Debie Thomas to Teach at Annual Conference
About Debie Thomas:
Debie is the author of A Faith of Many Rooms: Inhabiting a More Spacious Christianity, and Into the Mess and Other Jesus Stories: Reflections on the Life of Christ. She is also a columnist and contributing editor for The Christian Century. From 2014 to 2022, Debie worked as a staff writer for Journey with Jesus: A Weekly Webzine for the Global Church, and from 2014 to 2024, served as a lay minister for formation at St. Mark’s Episcopal Church in Palo Alto, CA. She studied English Literature at Wellesley College and Brown University, and earned an MFA in Creative Writing at The Ohio State University. Currently, Debie is a seminarian at the Church Divinity School of the Pacific in Berkeley, CA.

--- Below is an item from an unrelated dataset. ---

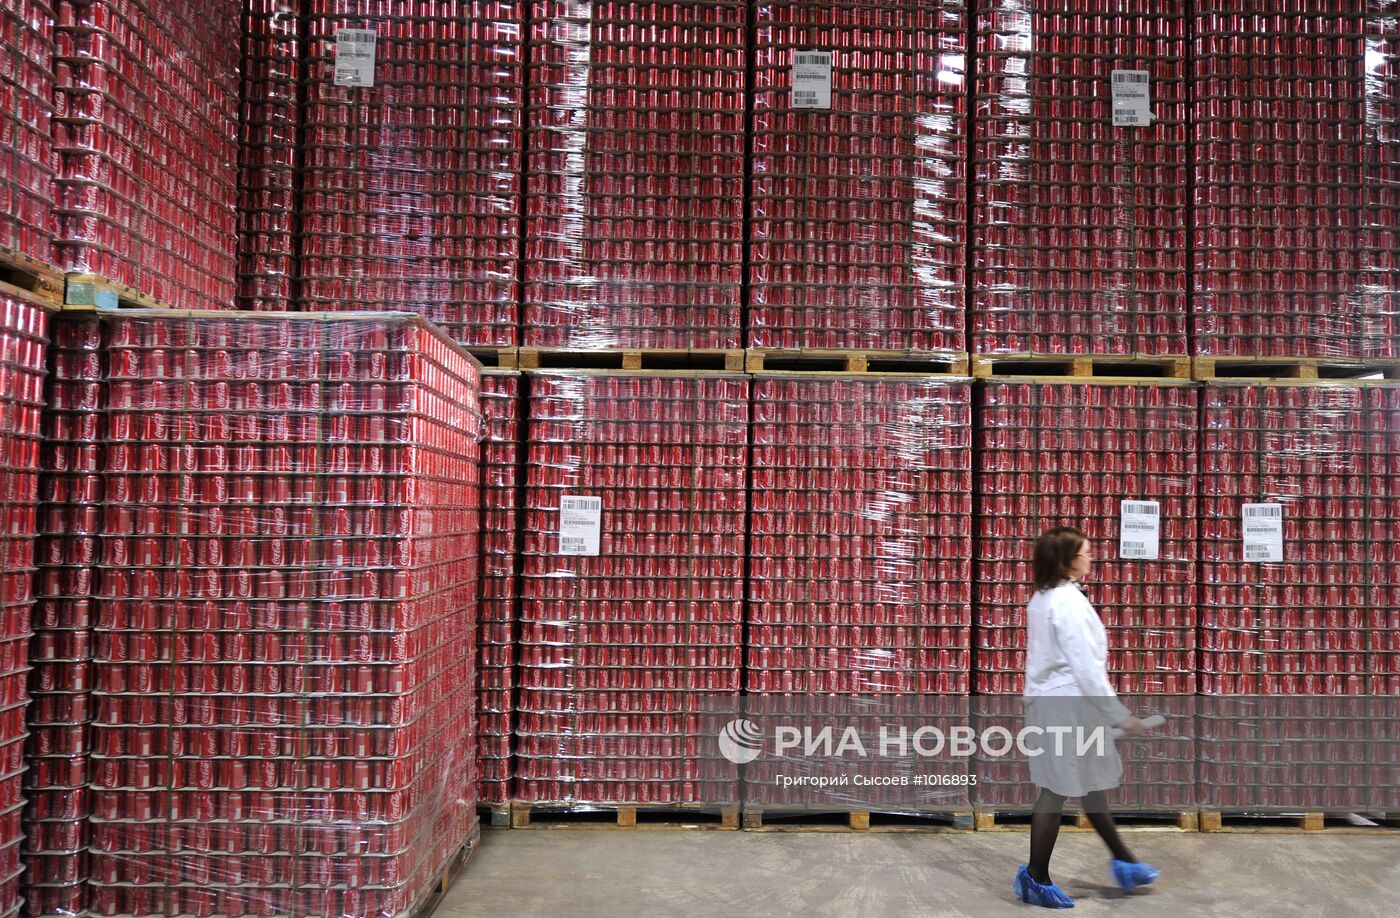 Работа завода Coca-Cola в Москве

Debie and her husband, Alex, their two "all grown up" children, and their labradoodle, Ruby, love living in sunny California. Debie was born in Kerala, South India, and raised in Boston, Massachusetts. Like many children of immigrants, she grew up juggling a complicated and often confusing mix of identities: South Asian, New England suburban, evangelical, and feminist. In the murky "in-betweenness" of those identities, she learned that life is far more varied and messy than it is neat or certain, and that faith is not about finding once-and-for-all answers, but about delving deeper and deeper into mystery.

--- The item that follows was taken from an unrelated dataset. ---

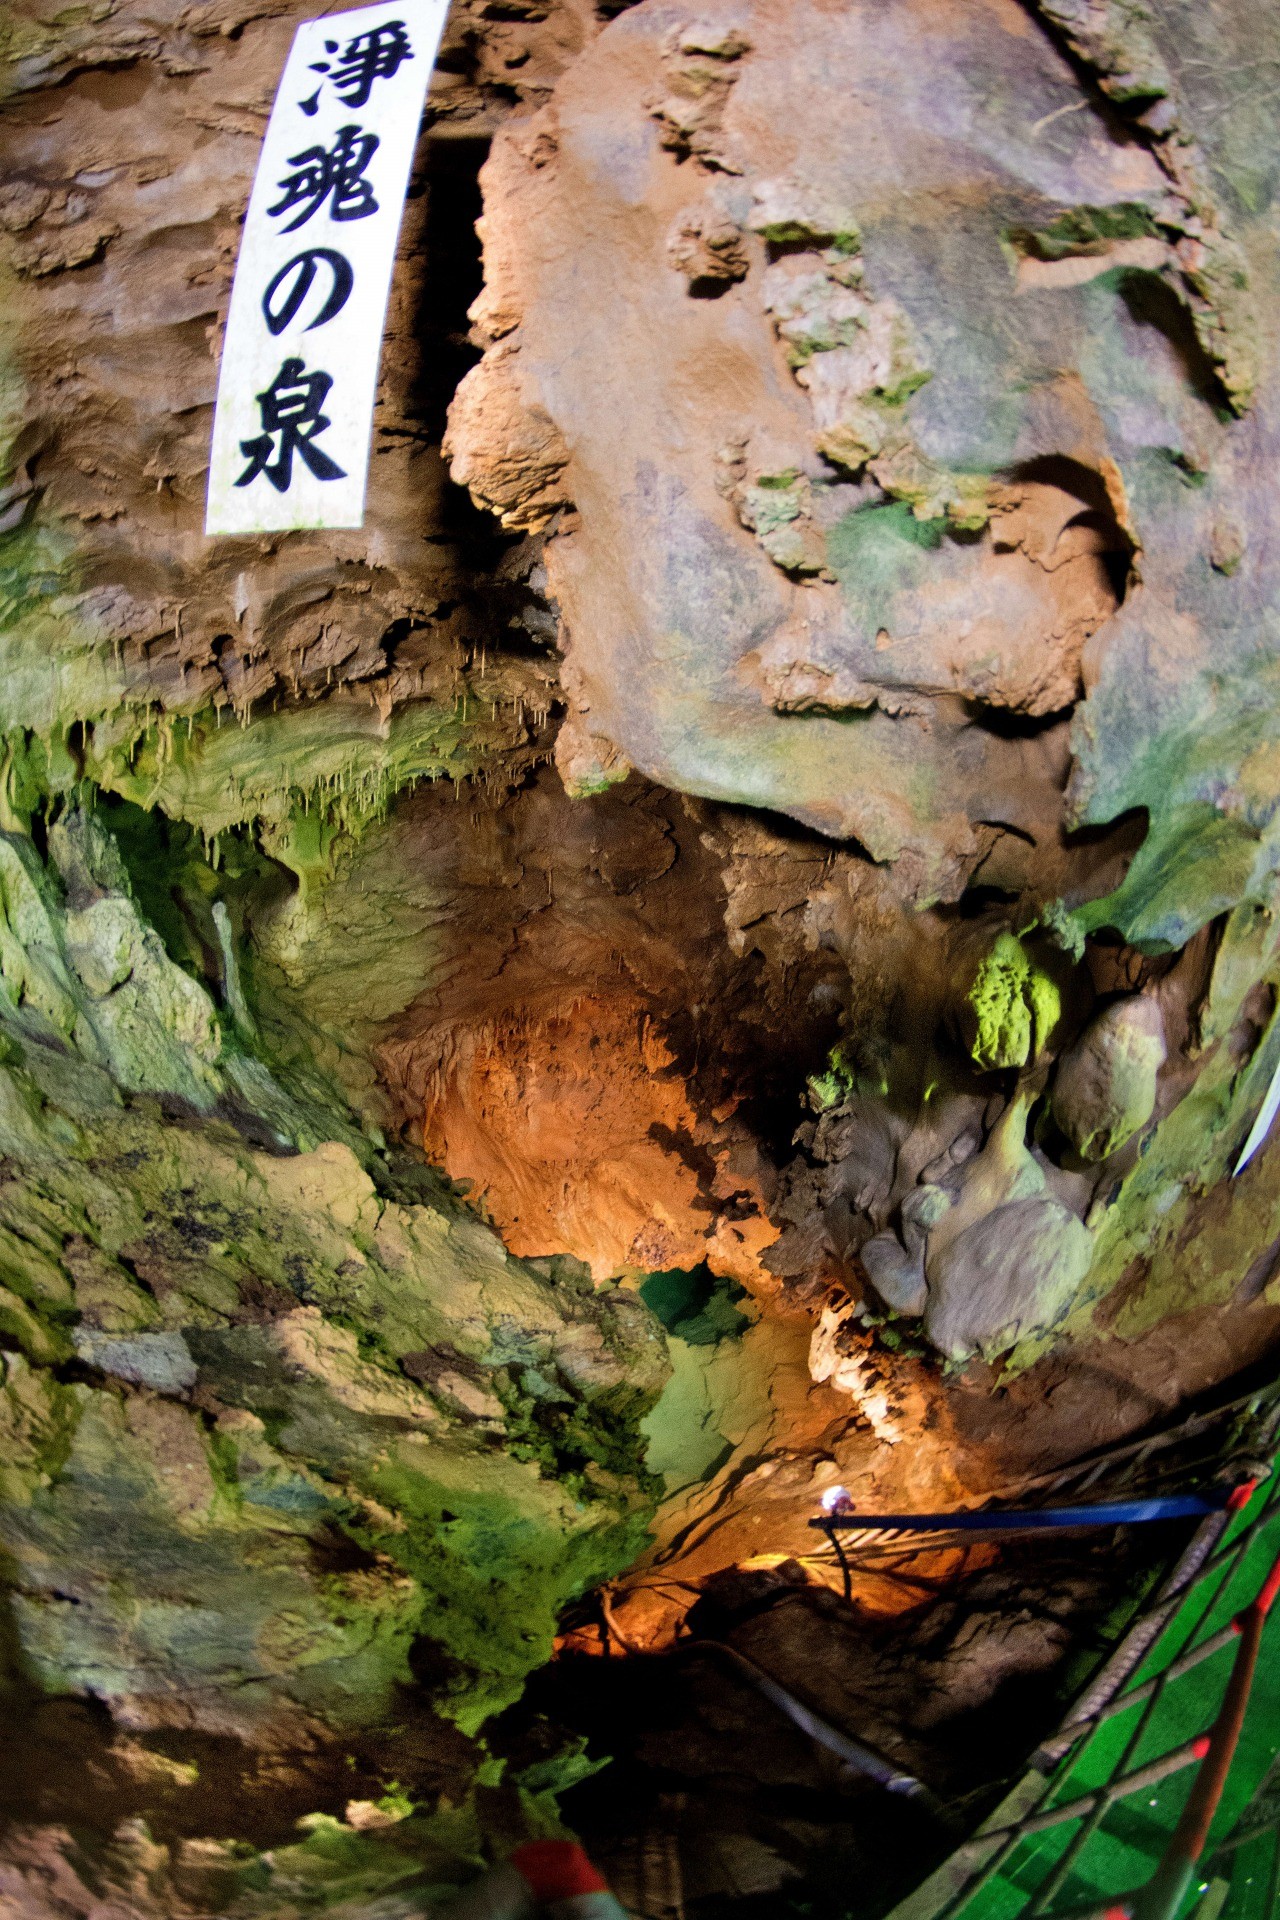 Yugendo Cave

Debie Thomas was a preacher’s kid and a church nerd, but also the annoying little brat who asked all the “wrong” questions about God, faith, doubt, life, and the Bible. She started writing as soon as she learned to read and spell. Debie felt lucky to have a mom who introduced her early to the treasures of language and literature, and writing soon became her way of processing her world. Whenever Debie felt awed, bewildered, frightened, or joyful, she turned to pen and paper for refuge and grounding, and found that the "Word made flesh" is closer and more loving than one can ever imagine. She supposes not much has changed!

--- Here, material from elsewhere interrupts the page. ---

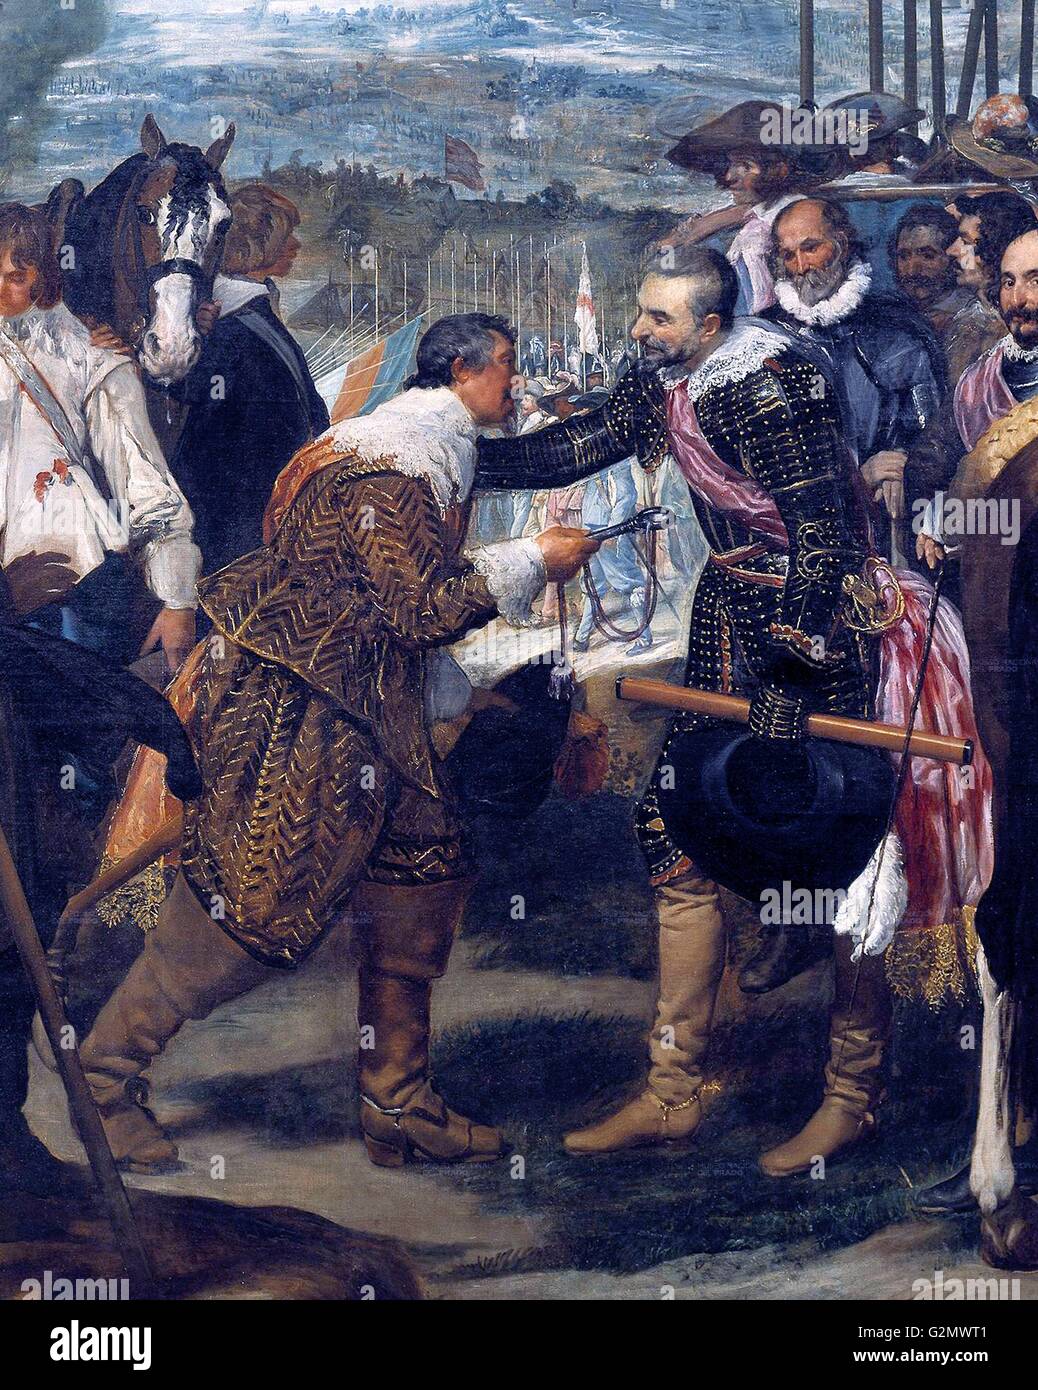 Dettagli dalla rinuncia di Breda, dallo spagnolo della Golden Age pittore Diego Velázquez. Essa è stata completata durante gli anni 1634-35, ispirato da Velázquez in visita in Italia con Ambrogio Spinola, il generale genovese che ha vinto la Breda il 5 giugno 1625 Foto Stock

Debie claims she's not quite as conflicted as she used to be, but remains a seeker, an explorer, a believer, and a doubter. She writes about faith because faith is both hard and life-giving, both beautiful and bizarre. She writes because she doesn’t know, and because God somehow meets her in that unknowing. She finds solace in wrestling and seeking blessing on the page, and hopes that her journey gives others permission to wrestle, too.